AVAILABLE DATA.

-=-=-

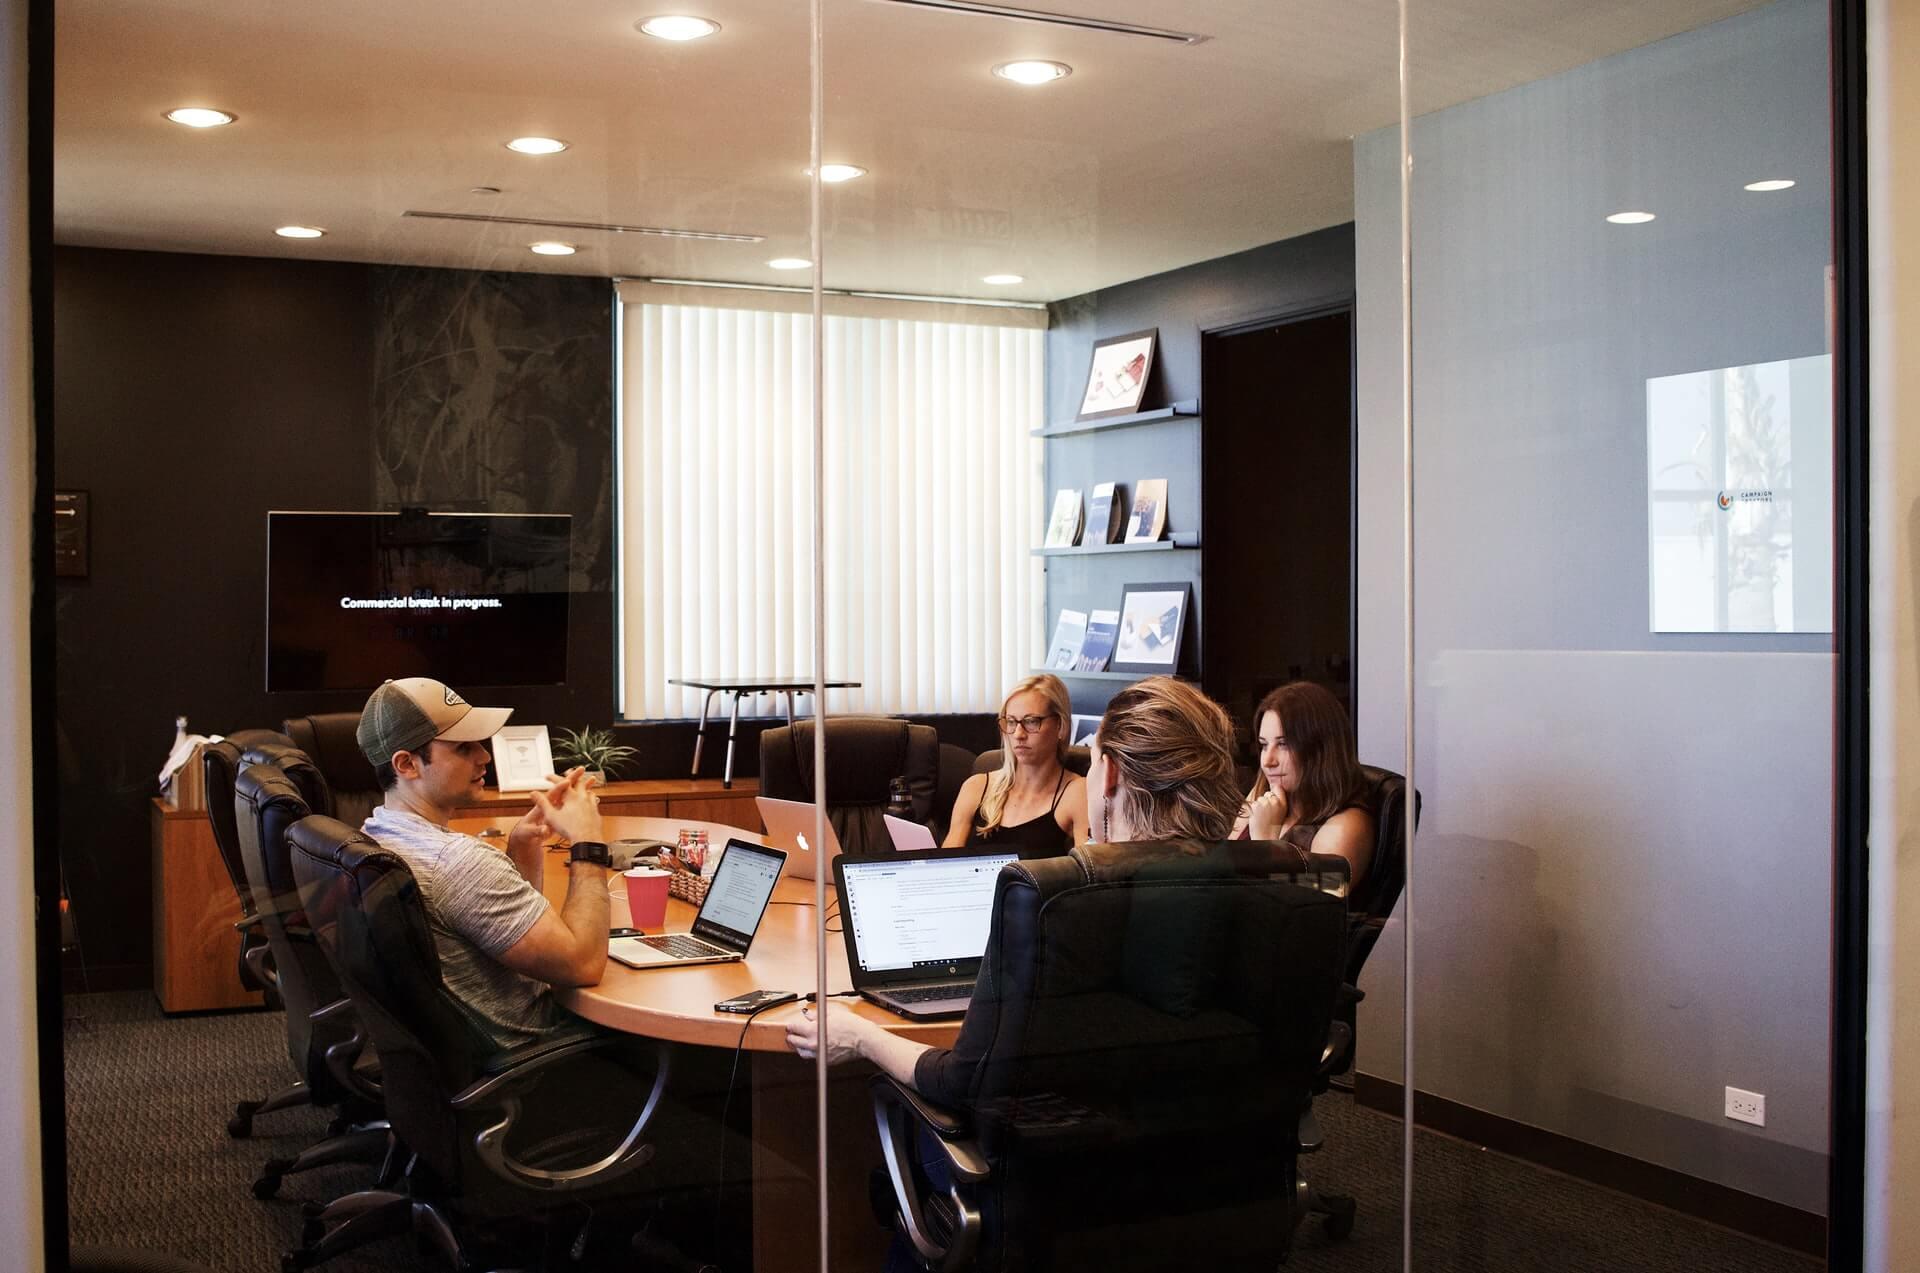 advantages-teamwork-brainstorming-meeting-conference-room
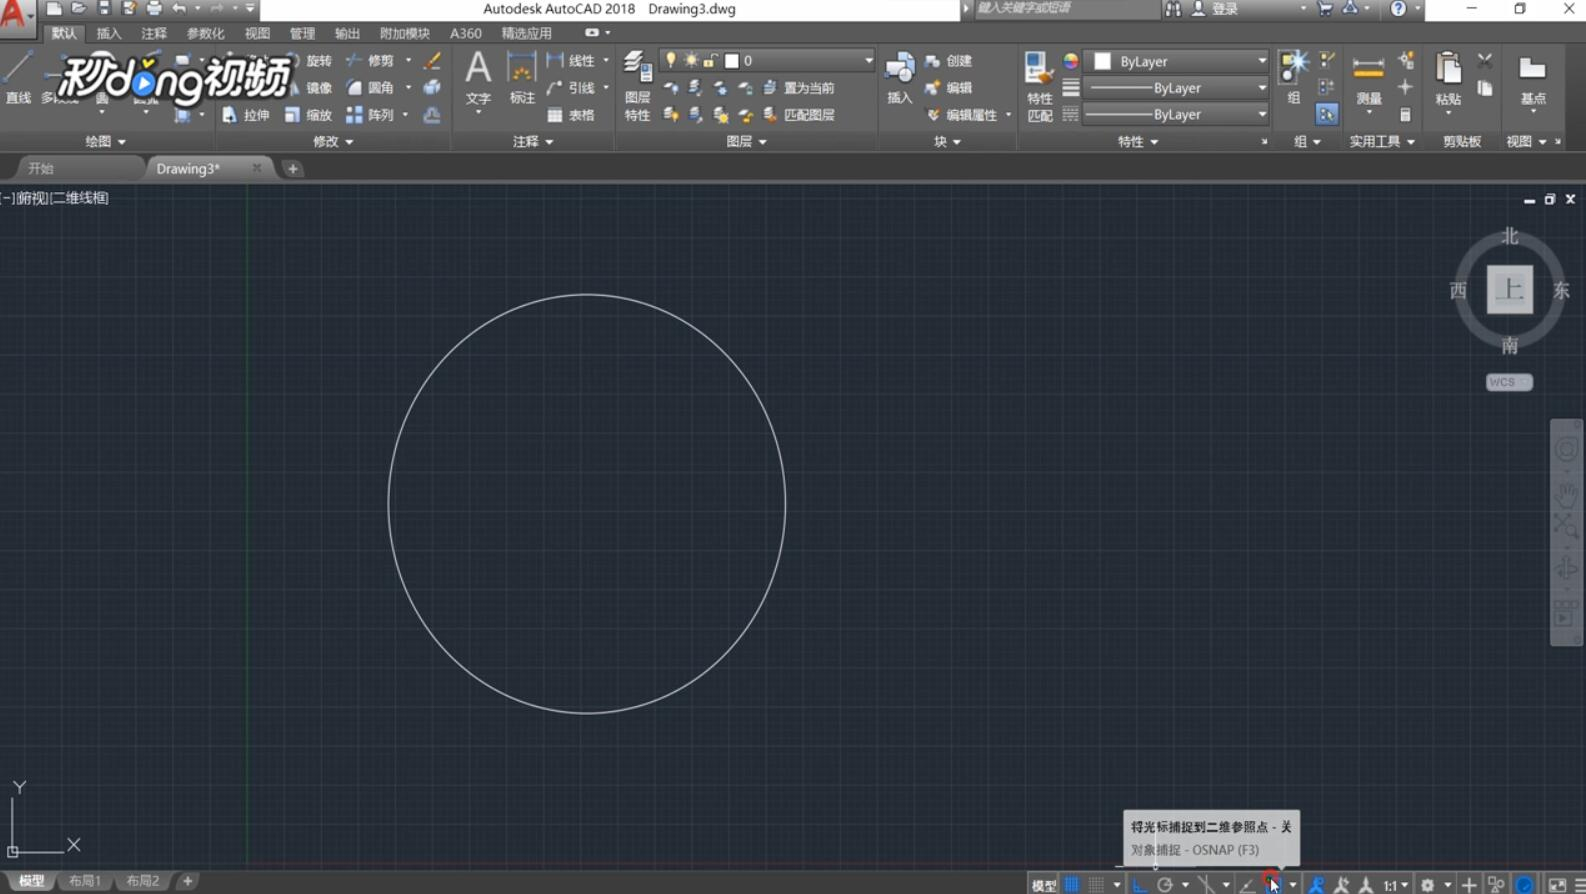 CAD画指北针?CAD指北针制作方法ppt如cad公差图纸标注图片
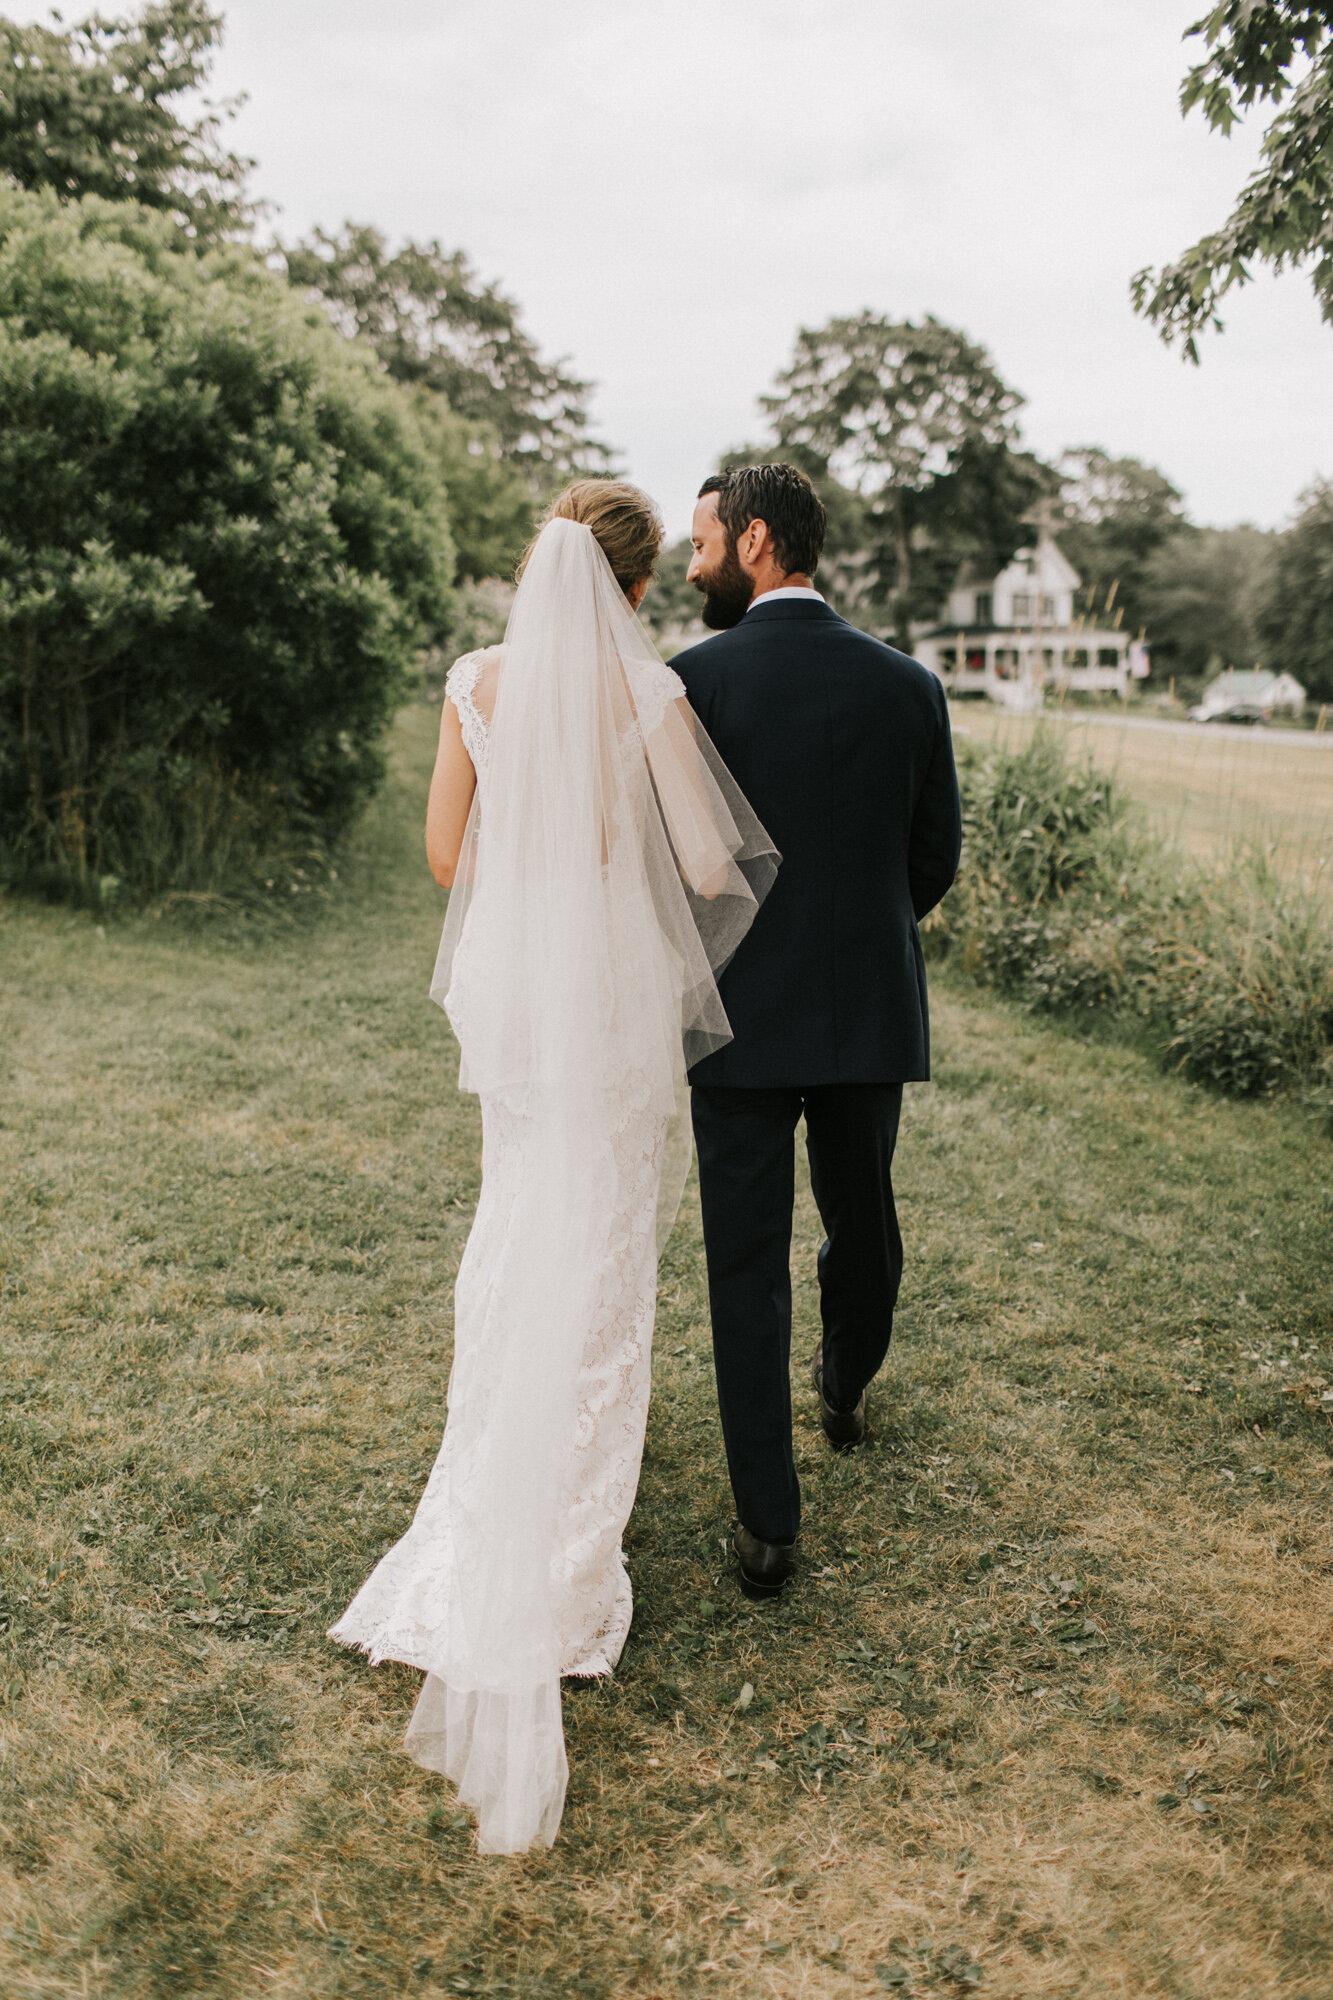 Chebeague+Island+Inn+Wedding+Maine+Jamie+Mercurio+Photography-0059.jpg

-=-=-

REQUIRED WORK. The task requires that every line above be transcribed exactly, without the images.

ANSWER BOX.
 advantages-teamwork-brainstorming-meeting-conference-room
 CAD画指北针?CAD指北针制作方法ppt如cad公差图纸标注图片
 Chebeague+Island+Inn+Wedding+Maine+Jamie+Mercurio+Photography-0059.jpg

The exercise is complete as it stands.